David Newman on the process of arranging Bernstein's West Side Story for the new Hollywood film

The Hollywood film composer, conductor and arranger David Newman talks to Michael Beek about his work on Steven Spielberg's new film

Composer David Newman
Published: January 11, 2022 at 10:34 am

David Newman is one of Hollywood’s most talented composers, having scored dozens of classic films – such as Bill and Ted’s Excellent Adventure, Anastasia, Jingle All the Way, The Nutty Professor and Matilda.


His family is steeped in Hollywood film music history, with his father – the Alfred Newman – the legendary head of music at Twentieth Century Fox in the studio’s hey day. His brother, Thomas Newman, is a brilliant film composer, as is their cousin Randy Newman. The list of musical Newmans goes on.

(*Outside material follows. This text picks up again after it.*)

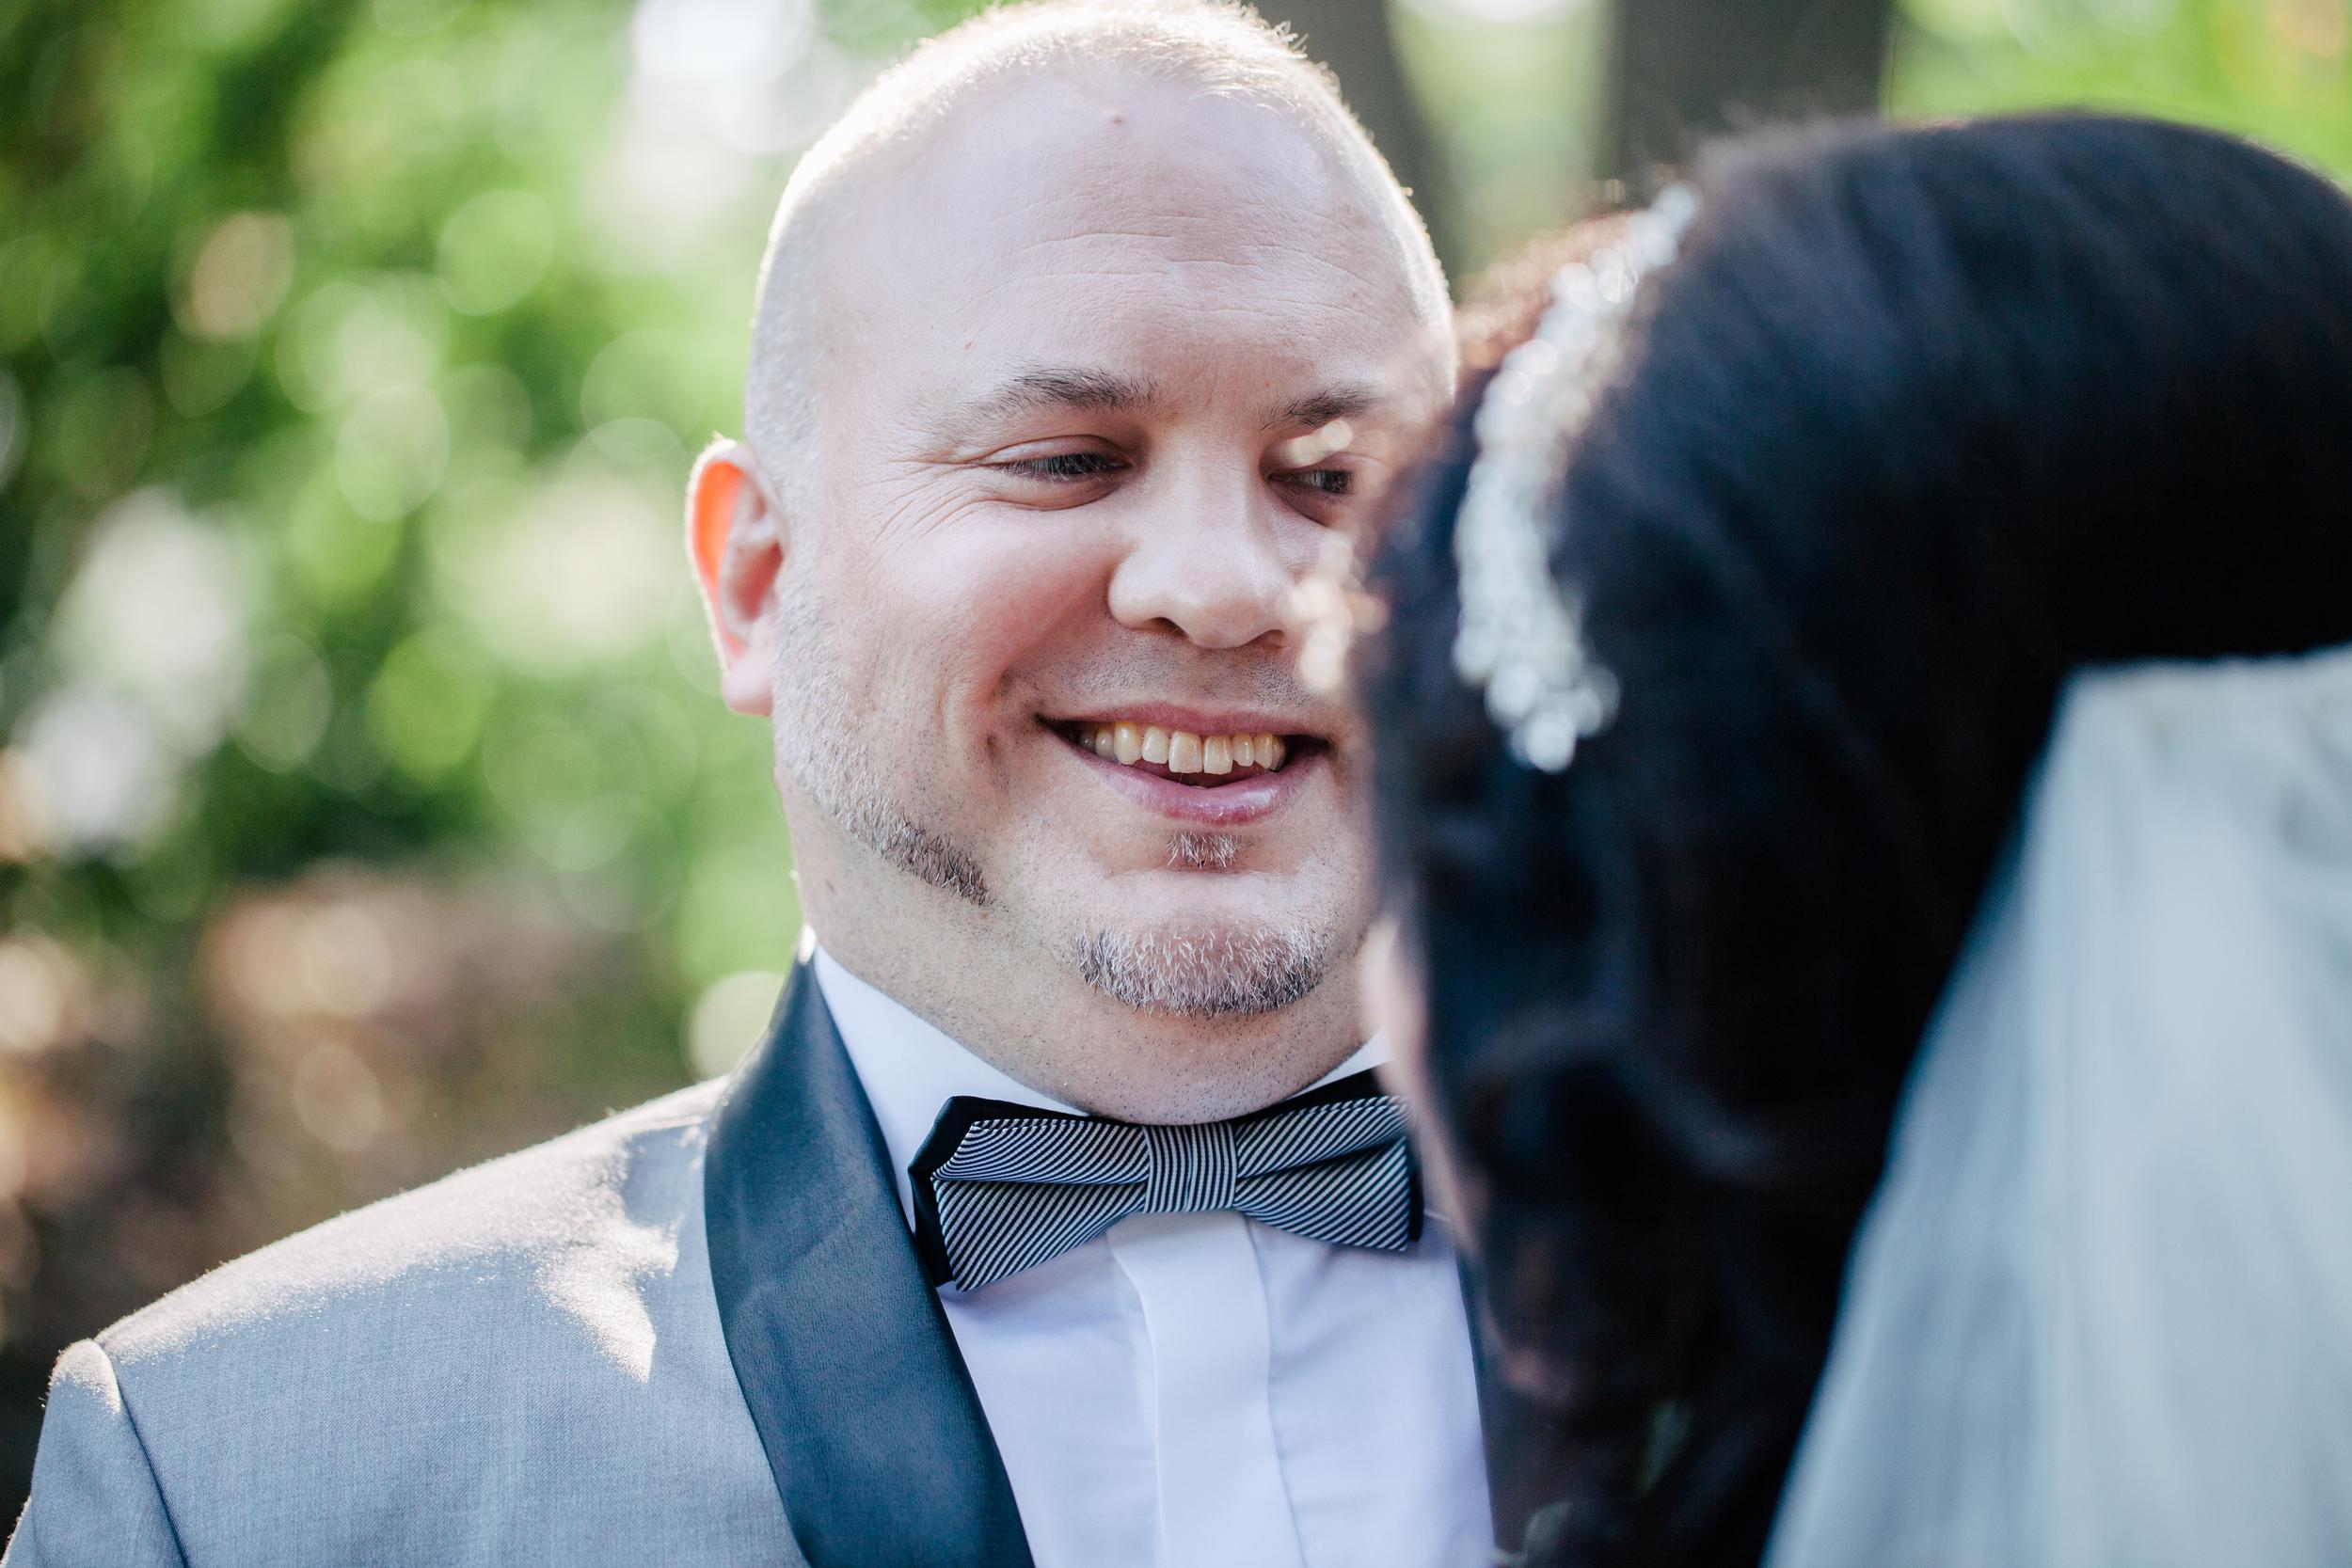 emotional look of groom on his wedding day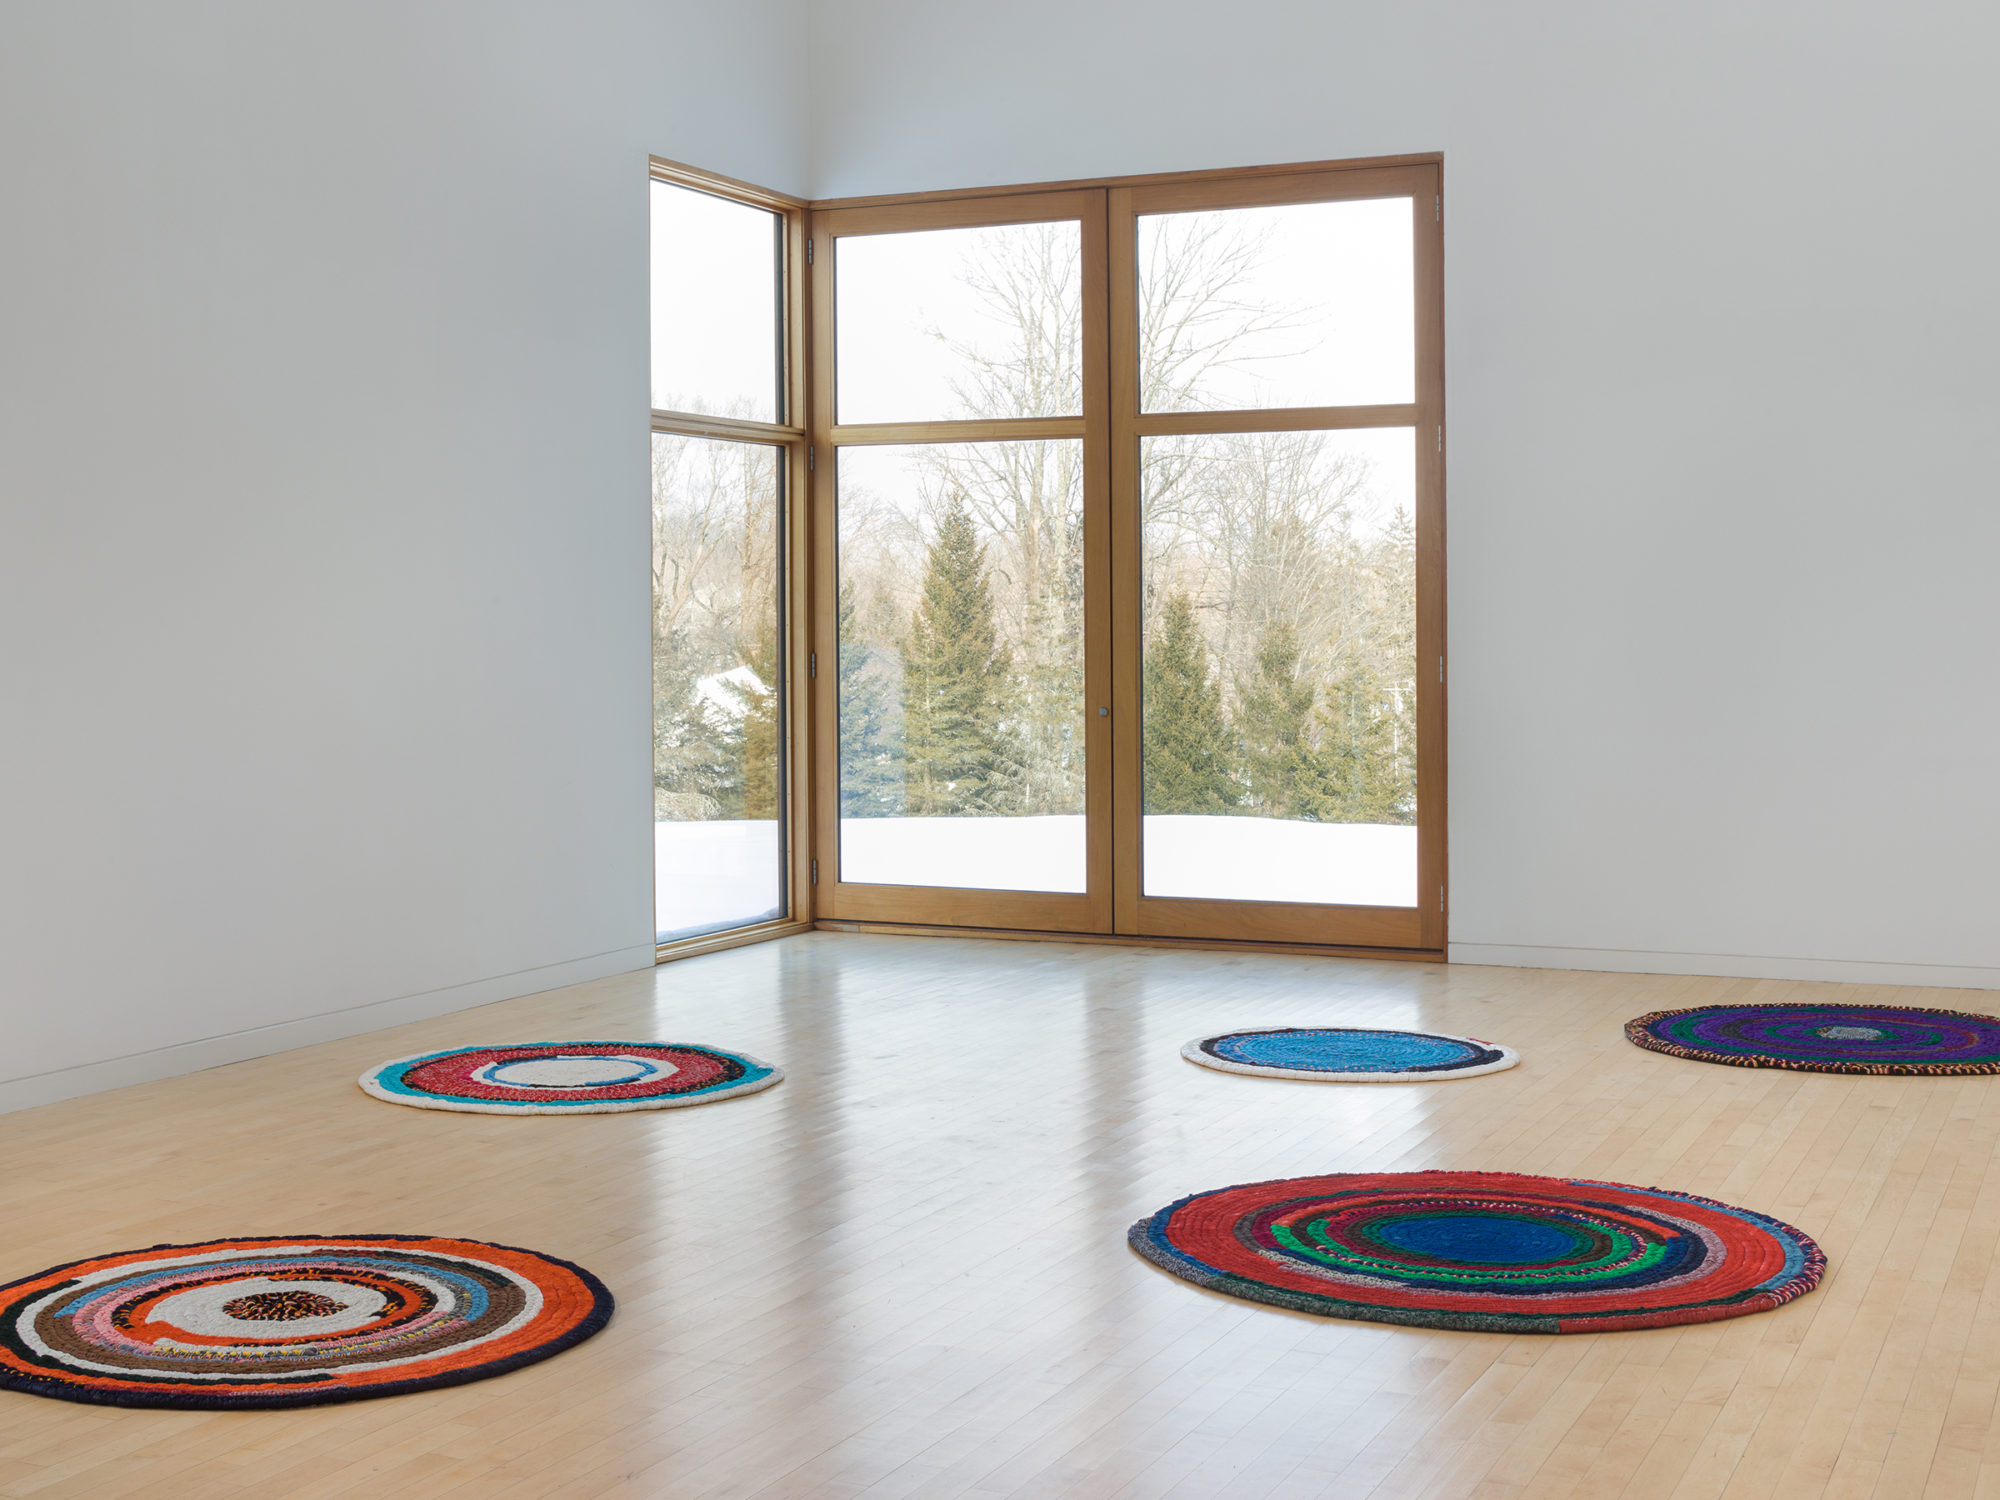 Harmony Hammond's Floorpieces at The Aldrich Contemporary Art Museum

As a conductor and arranger David Newman is much in demand, overseeing concerts of film music in the US and Europe. He regularly shares the podium with John Williams at the Hollywood Bowl and at Tanglewood’s popular ‘Film Night’, and it’s that great composer who suggested Newman to Spielberg as a safe pair of hands for the music for West Side Story.

As you can read in our feature on the new film in the January 2022 issue, Newman has a long history with the music of West Side Story. But what exactly was his role, and what was it like working with Steven Spielberg? He told me all about it in a recent interview.

When did your work on the film begin?
Well, it was shot in 2019, so it was middle-late 2018 when we started talking and then pre-production was the beginning of 2019. Of course in March 2020 we got stopped for about six months, and then we started up again in late 2020 and finished in the middle of this year. We had to do the soundtrack album, which was really important to us, because we wanted this to be the definitive statement of the music.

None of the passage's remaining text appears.